- The Washington Times - Friday, August 1, 2003

NEW YORK (AP) — Wall Street pulled back yesterday after a lackluster employment report renewed investors’ worries that the economic recovery would not be as speedy as hoped. The Dow Jones Industrial Average fell nearly 80 points to end a four-week winning streak.

“Even though unemployment went down, the number of jobs available did, too, and that’s really key,” said Mike Kayes, chief investment officer at Eastover Capital in Charlotte, N.C. “Investors have been looking for when the economy can create jobs and it hasn’t yet.”

The Dow closed down 79.83, or 0.9 percent, at 9,153.97, more than wiping out a 33-point gain in the previous session that marked its fifth straight winning month.

The broader market also declined. The Nasdaq Composite Index fell 19.43, or 1.1 percent, to 1,715.59, having notched a six-month winning streak. The Standard & Poor’s 500 index lost 10.16, or 1 percent, to 980.15, after it posted a fifth month of gains Thursday.

For the week, all three main gauges finished lower, with the Dow losing 1.4 percent, the Nasdaq lower 0.9 percent and the S&P; declining 1.9 percent.

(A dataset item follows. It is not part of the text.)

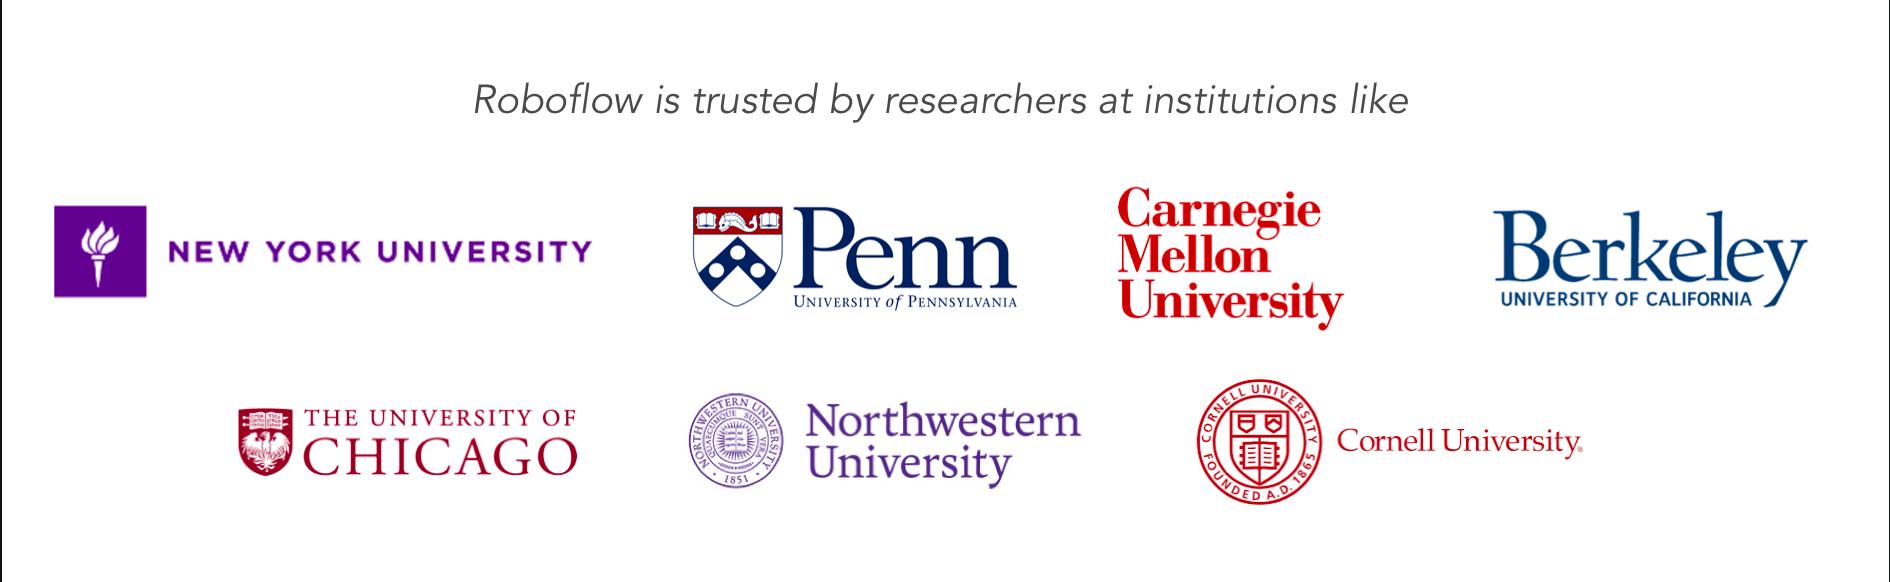 University Logos (NYU, UPenn, Carnegie Mellon, Berkeley, UChicago, Northwestern, Cornell)
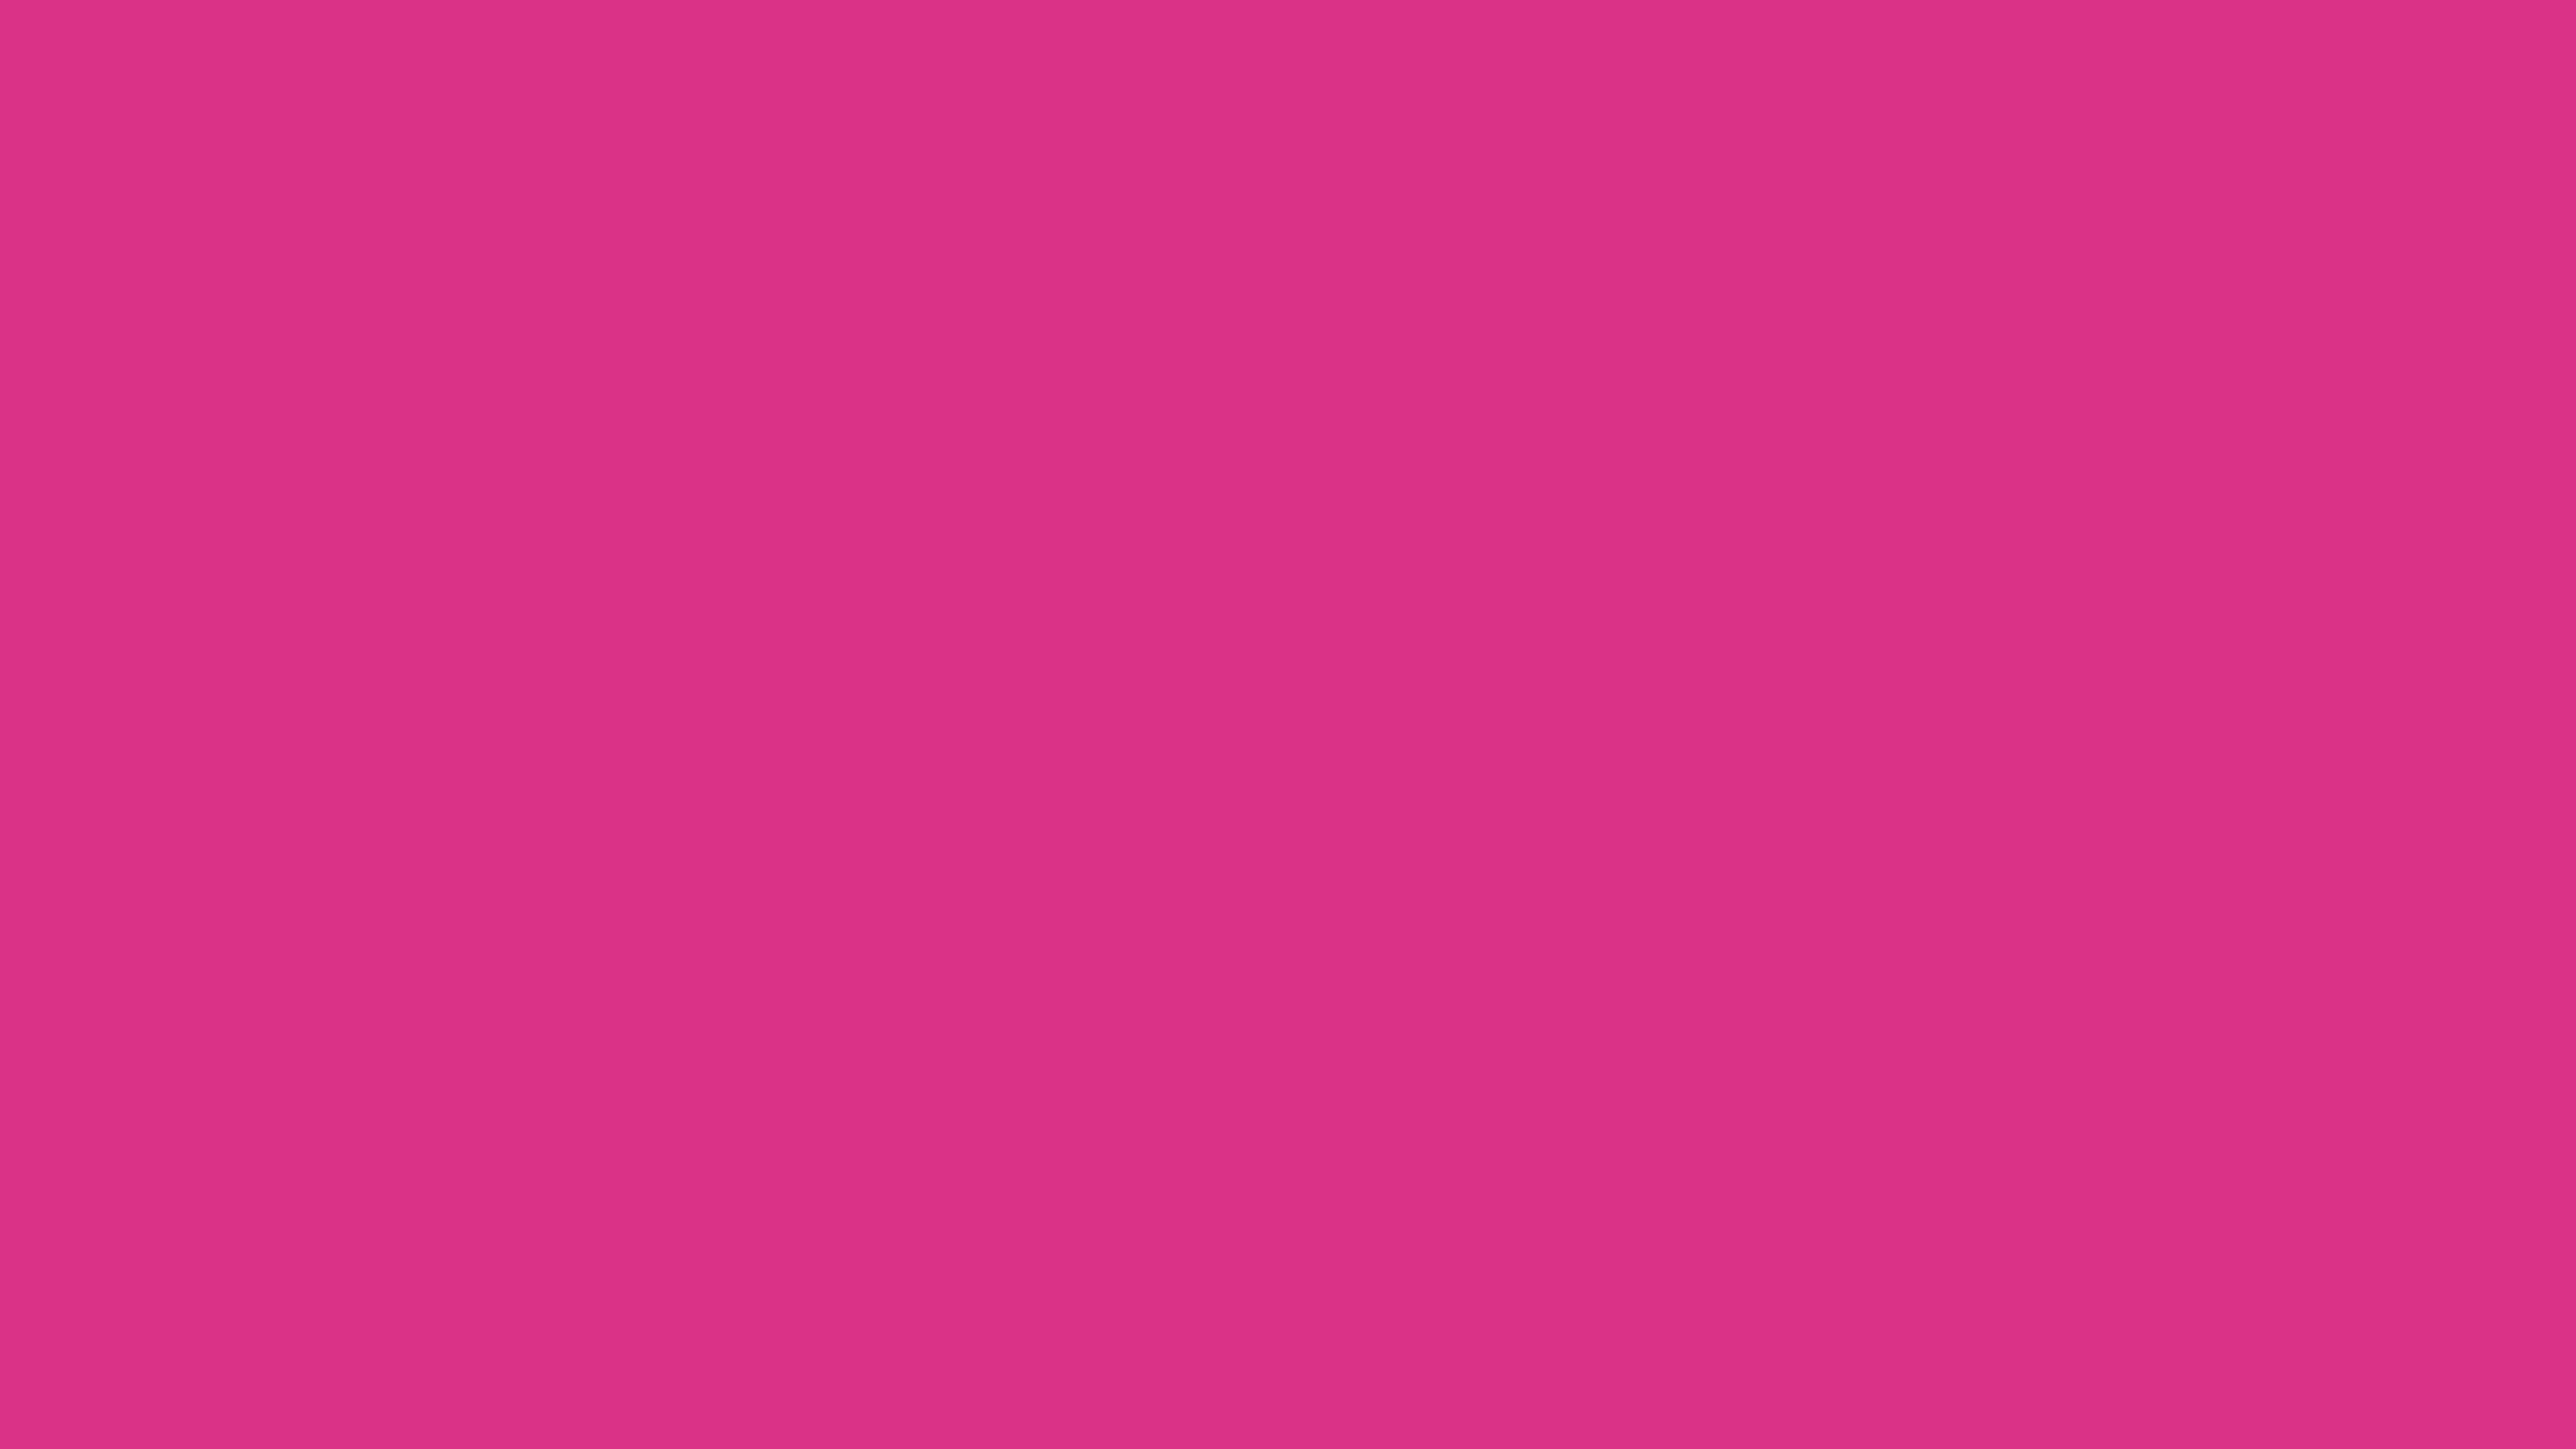 3840x2160 Deep Cerise Solid Color Background

The Nasdaq and S&P; posted their second losing week in three.

The Labor Department reported the nation’s unemployment rate declined to 6.2 percent in July from 6.4 percent in the previous month. The figure was slightly better than analysts’ estimates, but much of the drop came from the 470,000 disenchanted people who abandoned job searches.

Meanwhile, the Institute for Supply Management said its manufacturing index rose to 51.8 in July from 49.8 in June. A reading above 50 indicates expanding manufacturing activity; analysts had been forecasting a July reading of 52.0.

Trading has been choppy in recent weeks as investors, having sent stocks surging since mid-March, are now seeking proof of a strong economic recovery. Many investors believe employment in particular must show clear improvement for the rebound to continue.

“There was no real hurrah in the reports today to keep the market sustained in its current overbought condition,” said A.C. Moore, chief investment strategist for Dunvegan Associates in Santa Barbara, Calif.

“The market in the very short term is governed by investor sentiment, which moves from a glass half-full to a glass half-empty to a glass half-full,” he added. “We think the market will move to a half-empty stage before making another move.”

Mr. Kayes agreed. “For the overall market to move forward, we need clear signs the economy is getting better,” he said.

“Even though second-quarter earnings were by-and-large decent, top-line growth wasn’t really there.

A lot of [positive] earnings surprises came from cost-cutting and a lower tax rate, issues that might not be a real long-term sustainable driver.”

Johnson & Johnson dropped $1.36 to $50.43 after Merrill Lynch cut the company’s stock rating to “neutral” from “buy.”

ChevronTexaco declined $1.06 to $71.05 after the oil company reported quarterly operating profits that handily beat Wall Street’s expectations.

Gainers included Disney, which gained 60 cents to $22.52, after the media and entertainment company posted quarterly profits that beat analysts’ estimates by 2 cents per share; it also said operating results should continue into the fourth quarter and in 2004.

Altria Group rose 27 cents to $40.28 after a California jury cleared its Philip Morris unit of negligence and misrepresentation in a tobacco lawsuit.

Declining issues outnumbered advancers about 5-to-2 on the New York Stock Exchange. Volume was moderate.

The Russell 2000 index, a barometer of smaller company stocks, fell 7.94, or 1.7 percent, to 468.08.

Overseas, Japan’s Nikkei stock average finished 0.5 percent higher yesterday. In Europe, France’s CAC-40 declined 1.3 percent, Britain’s FTSE 100 lost 1.4 percent and Germany’s DAX index fell 1.4 percent.